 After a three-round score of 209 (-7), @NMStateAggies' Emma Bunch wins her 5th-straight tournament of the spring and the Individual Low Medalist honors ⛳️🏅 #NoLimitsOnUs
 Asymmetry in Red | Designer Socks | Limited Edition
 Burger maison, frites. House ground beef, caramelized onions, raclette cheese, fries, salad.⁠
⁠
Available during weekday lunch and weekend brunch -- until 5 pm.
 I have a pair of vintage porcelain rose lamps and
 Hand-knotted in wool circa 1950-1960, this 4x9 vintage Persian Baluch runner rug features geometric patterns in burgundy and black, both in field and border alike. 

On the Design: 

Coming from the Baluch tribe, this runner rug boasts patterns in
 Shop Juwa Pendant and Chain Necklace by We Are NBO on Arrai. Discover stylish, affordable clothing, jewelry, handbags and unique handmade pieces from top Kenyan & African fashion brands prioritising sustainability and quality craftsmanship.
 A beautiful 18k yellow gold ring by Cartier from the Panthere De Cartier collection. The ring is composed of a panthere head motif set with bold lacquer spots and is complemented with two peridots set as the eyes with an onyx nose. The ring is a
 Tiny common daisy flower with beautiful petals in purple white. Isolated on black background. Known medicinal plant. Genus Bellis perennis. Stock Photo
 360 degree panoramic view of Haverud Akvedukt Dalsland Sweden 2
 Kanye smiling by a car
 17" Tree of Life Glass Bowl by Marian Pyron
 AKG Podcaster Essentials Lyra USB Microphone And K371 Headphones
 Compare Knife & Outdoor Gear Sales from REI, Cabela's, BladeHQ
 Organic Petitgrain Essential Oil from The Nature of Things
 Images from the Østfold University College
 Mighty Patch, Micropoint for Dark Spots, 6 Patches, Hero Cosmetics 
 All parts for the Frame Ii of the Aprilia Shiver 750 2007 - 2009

▸ Prompt: Set down, exactly as they stand above, the lines starting with the line with "Coming from the" and going on through the line with "AKG Podcaster Essentials", and no others.

▸ Answer to the exercise:
Coming from the Baluch tribe, this runner rug boasts patterns in
 Shop Juwa Pendant and Chain Necklace by We Are NBO on Arrai. Discover stylish, affordable clothing, jewelry, handbags and unique handmade pieces from top Kenyan & African fashion brands prioritising sustainability and quality craftsmanship.
 A beautiful 18k yellow gold ring by Cartier from the Panthere De Cartier collection. The ring is composed of a panthere head motif set with bold lacquer spots and is complemented with two peridots set as the eyes with an onyx nose. The ring is a
 Tiny common daisy flower with beautiful petals in purple white. Isolated on black background. Known medicinal plant. Genus Bellis perennis. Stock Photo
 360 degree panoramic view of Haverud Akvedukt Dalsland Sweden 2
 Kanye smiling by a car
 17" Tree of Life Glass Bowl by Marian Pyron
 AKG Podcaster Essentials Lyra USB Microphone And K371 Headphones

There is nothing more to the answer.